Film fails to show the warmth of Jackie Kennedy and Lady Bird Johnson
When I was an undergraduate at the University of Texas at Austin, the Lyndon Baines Johnson Presidential Library was free for everyone. My big family was often looking for something to do on their visits, so I became very familiar with the historical documents on display at the library. One item I took to heart was a letter written by Jackie Kennedy on the day after President Kennedy’s funeral.
In the letter on robin’s egg blue White House stationary, Jackie Kennedy thanks President Lyndon Johnson for his kindness toward her and the children following the assassination of President Kennedy. She expressed gratitude to Johnson for walking behind Kennedy during his funeral procession, for the letters he wrote to her children and for the way he had always treated her. Jackie told him in the letter that she always thought Lady Bird should be First Lady.
Watching the movie “Jackie” at the Austin Film Festival, I couldn’t help but think of that warm letter housed just across town at the LBJ Library. The contrast between the two made me grumpy.
In the film “Jackie,” respected actress Natalie Portman portrays the private struggle of American icon Jacqueline Bouvier Kennedy after the assassination of her husband. The film shows her smoking, drinking and walking around the White House in a daze — a far cry from the polished First Lady our country adored during Camelot.
While Portman delivers a captivating performance, the film raised my hackles in a way I hadn’t expected. It didn’t treat Lady Bird Johnson very well, and I was surprised to find how upsetting that was. Lyndon Johnson doesn’t come off much better, heavy on blustering cone-pone Texan.
Contrast the film’s portrayal of the Jackie-LBJ relationship to a taped conversation between the real-life Johnson and Jackie Kennedy from December 1963, (which you can listen to as part of the public exhibit at the library). In the brief phone call, Johnson tells Jackie she now has to be strong for another president and that she’s welcome anytime to take a walk in the backyard with him.
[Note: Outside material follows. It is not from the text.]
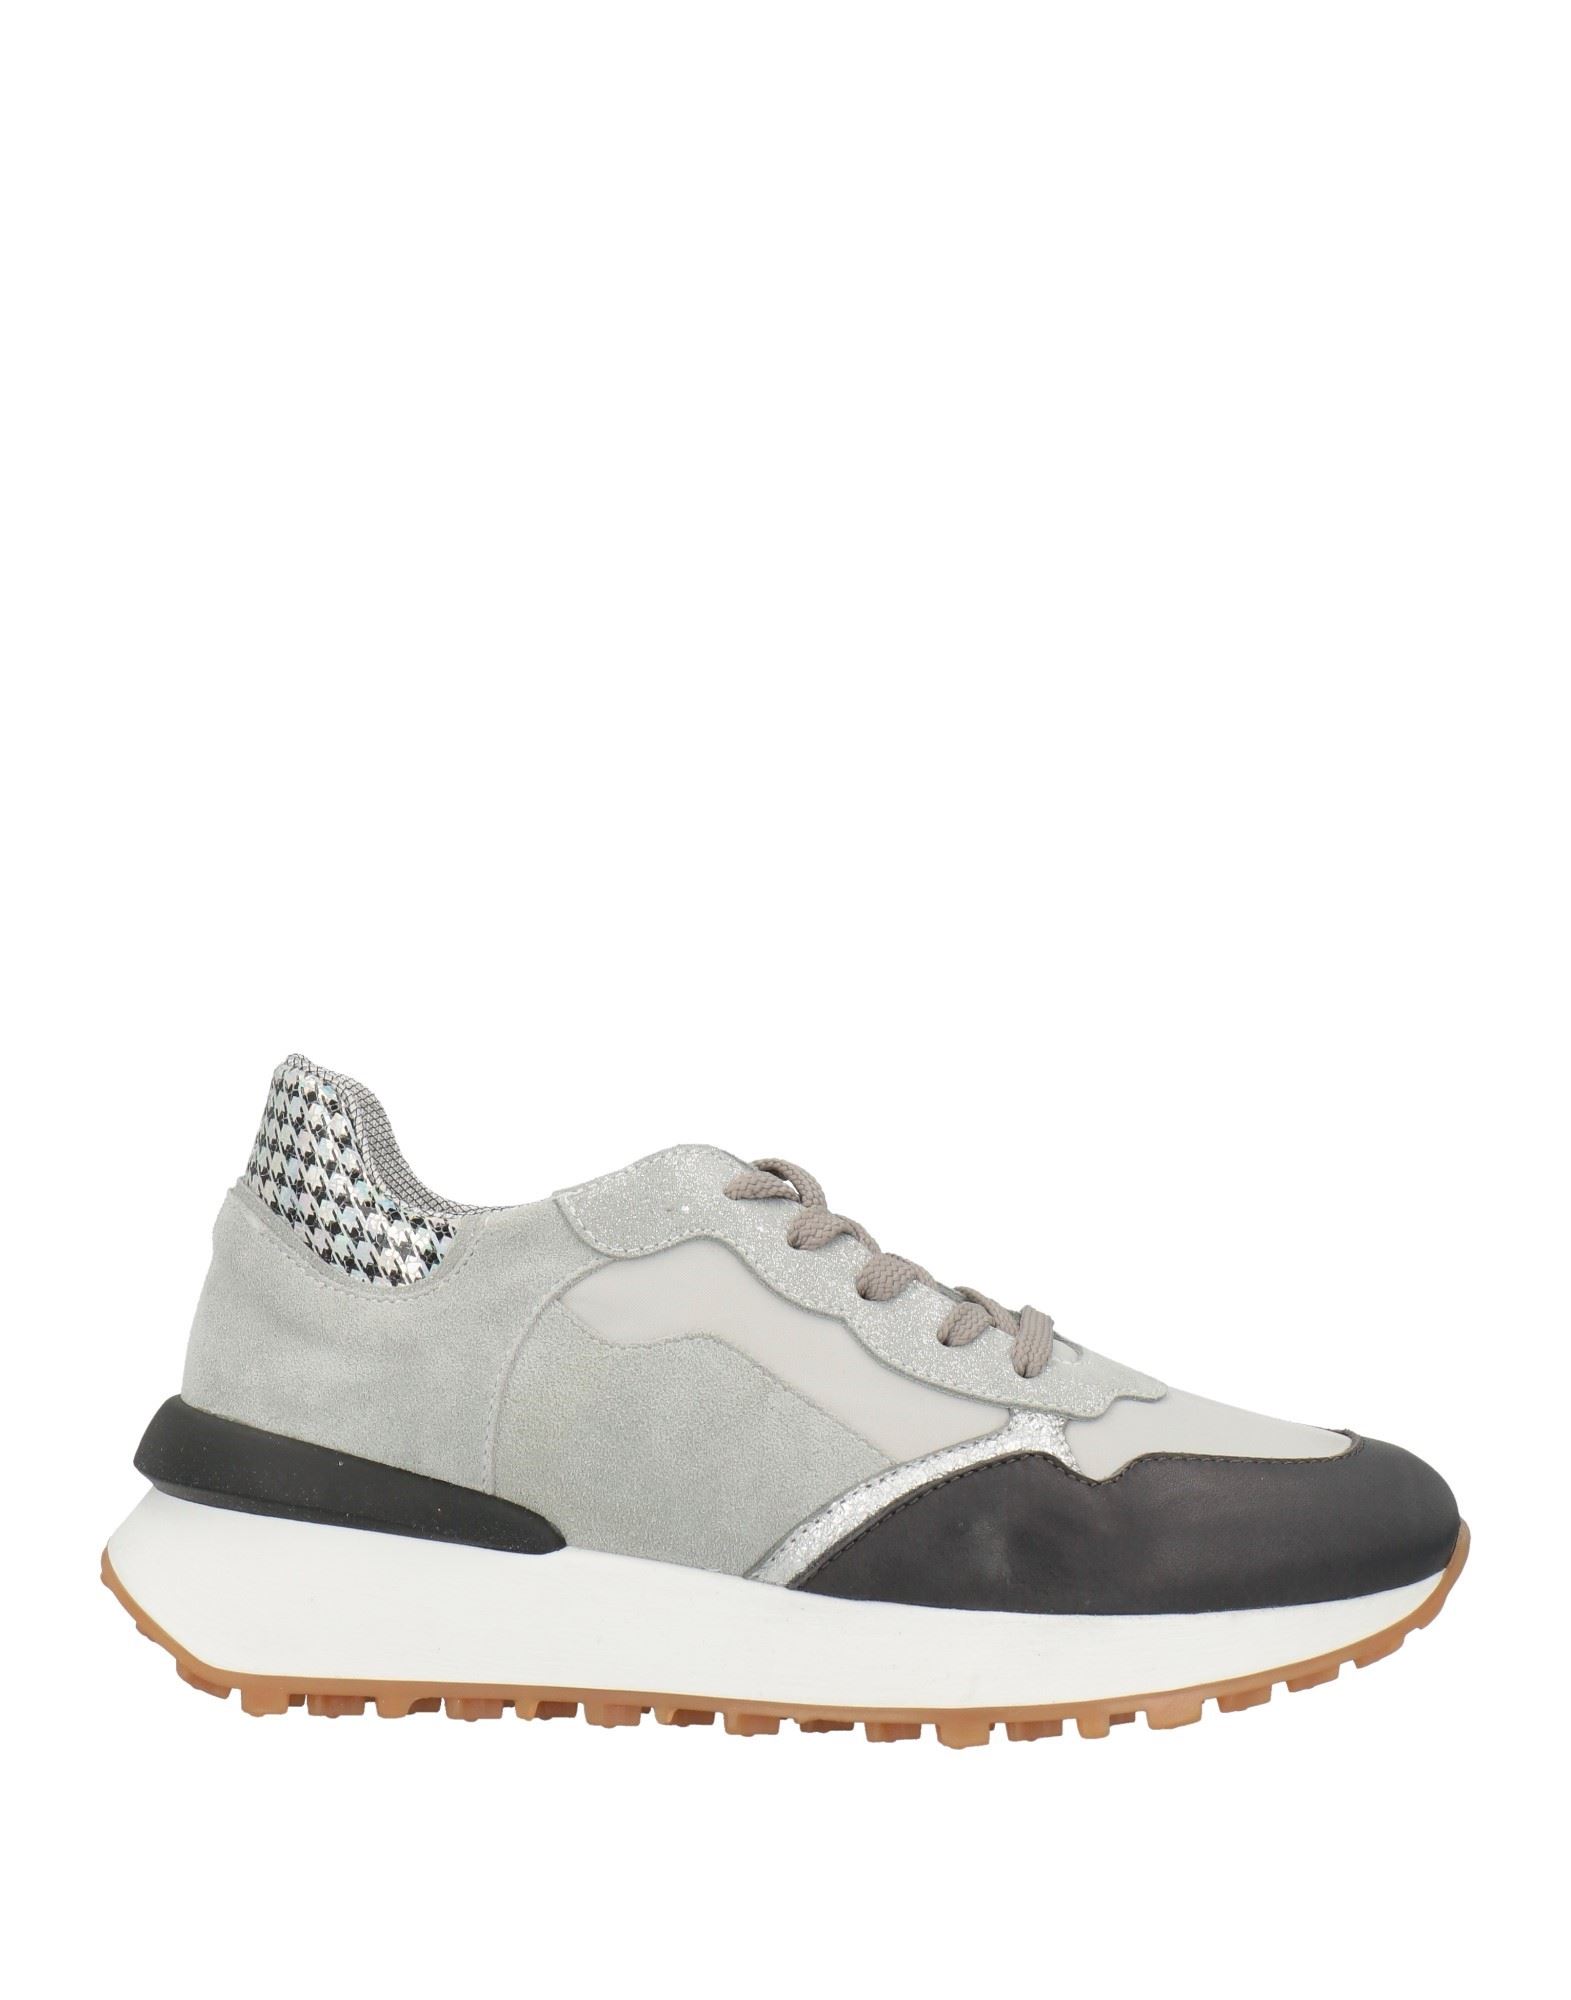 Tsd12 Sneakers In Grey

I’ve had numerous fleeting encounters with Lady Bird Johnson. I used to see her in the front row of events at the LBJ Library, where her attendance guaranteed the event would include a near-dinner of delicious hors d’oeuvres. Later, after she had lost her ability to speak following a stroke, the former first lady and I shared an Austin manicurist, meaning I’d cross paths in the beauty shop with her flock of secret service agents. (I felt safer in the parking garage with a guy on an earpiece keeping an eye on my vintage Volvo.)
Once I took an overflowing basket of my friend’s garden yield of tomatoes to the salon. When I gave Lady Bird a tomato she gave me the biggest and brightest smile I’ve ever gotten from a fellow human.
I didn’t like how “Jackie” portrayed Lady Bird as a White House mean girl, giving President Kennedy’s widow some serious side eye and suggesting that she change out of her blood-soaked pink suit before more people saw her. Later, Lady Bird and Lyndon Johnson are shown looking at the walls of the White House with swatches in hand, is if she can’t wait to move in and make the décor hers.
I became even more defensive about the portrayal of Lady Bird in the film after a recent visit to the LBJ library. I noticed an informal note from Jackie to Lady Bird on a small white White House card, reading “I wish you a happy arrival in your new home Lady Bird. Remember you’ll be happy here. Love, Jackie.”
The LBJ Library displays a quotation from Lady Bird about her White House gig.
“The first lady is an unpaid public servant elected by one person — her husband.”
Watching “Jackie,” it’s clear that being First Lady can’t be an easy gig. It’s like being appointed homeroom mother for the entire country, and you have to make up most of your job description as you go along. In their different ways, both Jackie and Lady Bird were brilliant as First Lady.
It’s hard not to feel for Melania Trump. No matter what she does, people are going to compare her to public service oriented Michelle Obama. That isn’t fair. Melania only married the President-elect, she didn’t run for office. Trump doesn’t have a history in politics, so Melania didn’t have a chance to cut her teeth on the chicken dinner circuit. I can understand why she doesn’t want to move into the White House immediately.
Maybe I should go work off some of my stress at Lady Bird Lake. The hike and bike trail around the lake was one of Lady Bird Johnson’s first projects after returning to Texas. Like Jackie, Lady Bird kept up her public service long after she left 1600 Pennsylvania Avenue.